You can still use the previous argument name ShrinkageFactor.
- Default: 0.5
- ColumnSampling
- Specifies the features fraction to sample during boosting. The sample_fracti on is a DOUBLE PRECISION value in the range (0, 1].
- Default: 1.0
- CoverageFactor
- Specifies the coverage level for the dataset while boosting trees (in percentage, for example, 1.25 = 125% coverage). You can only use CoverageFactor if you do not supply NumBoostedTrees. When NumBoostedTrees is specified, coverage depends on the value of NumBoostedTrees. If NumBoostedTrees is not specified, NumBoostedTrees is chosen to achieve this level of coverage.
- Default: 1.0
- NumBoostRounds
- Specifies the iterations (rounds) number to boost the weak classifiers. The iterations must be an INTEGER in the range [1, 100000].
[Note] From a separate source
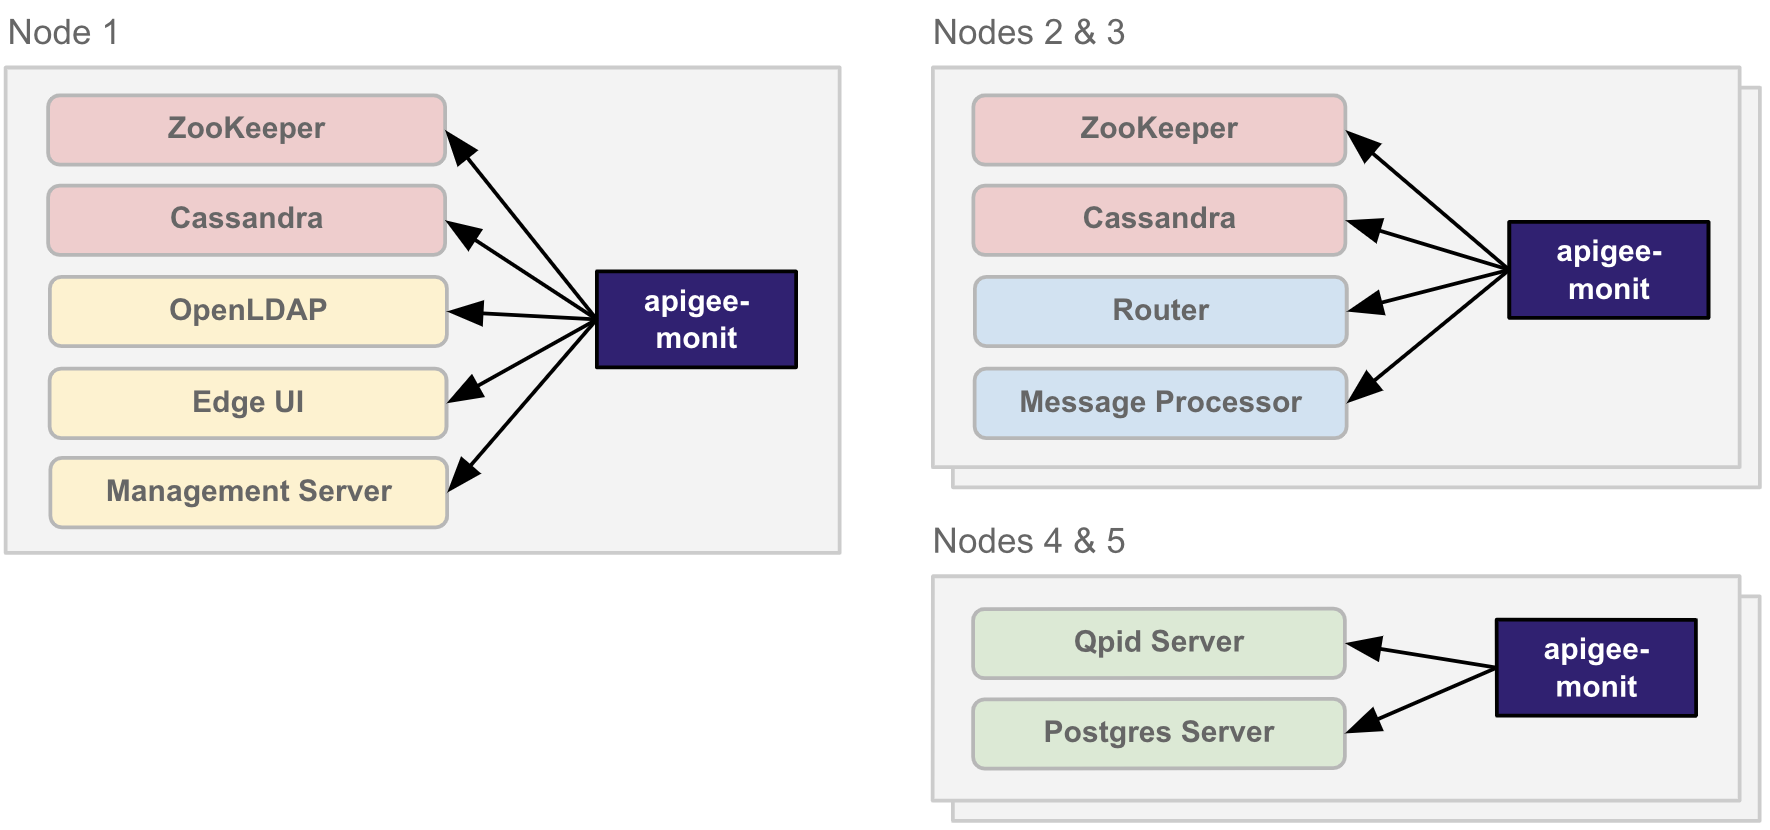 Arsitektur
  Apigee monit dalam cluster 5 node

You can still use the previous argument name IterNum.
- Default: 10
- Seed
- Specifies an integer value to use in determining the random seed for column sampling.
- Default: 1
- BaseScore
- Specifies the initial prediction value for all data points. Typically that value would be set to the mean of the observed value in the training set. This information is shown in the meta row in the model table. For classification, basescore value must be in the range (0, 1) and the default value is 0.5. The regression case accepts any double values in the range [-1e50, 1e50] and the default value is 0.
- Default: 0
- MinImpurity
- Specifies the minimum impurity at which the tree stops splitting further down. For regression, a criteria of squared error is used whereas for classification, gini impurity is used.
- Default: 0.0
- TreeSize
- Specifies the rows number that each tree uses as its input data set. The function builds a tree using either the number of rows on an AMP, the number of rows that fit into the AMP memory (whichever is less), or the number of rows given by the TreeSize argument. By default, this value is computed as the minimum of the number of rows on an AMP, and the number of rows that fit into the AMP memory.
By using argument TreeSize and reduce the value used in argument NumParallelTrees, most of the exceptions caused by out-of-memory (OOM) can be solved. For example, this is a typical exception caused by OOM.
- Default: -1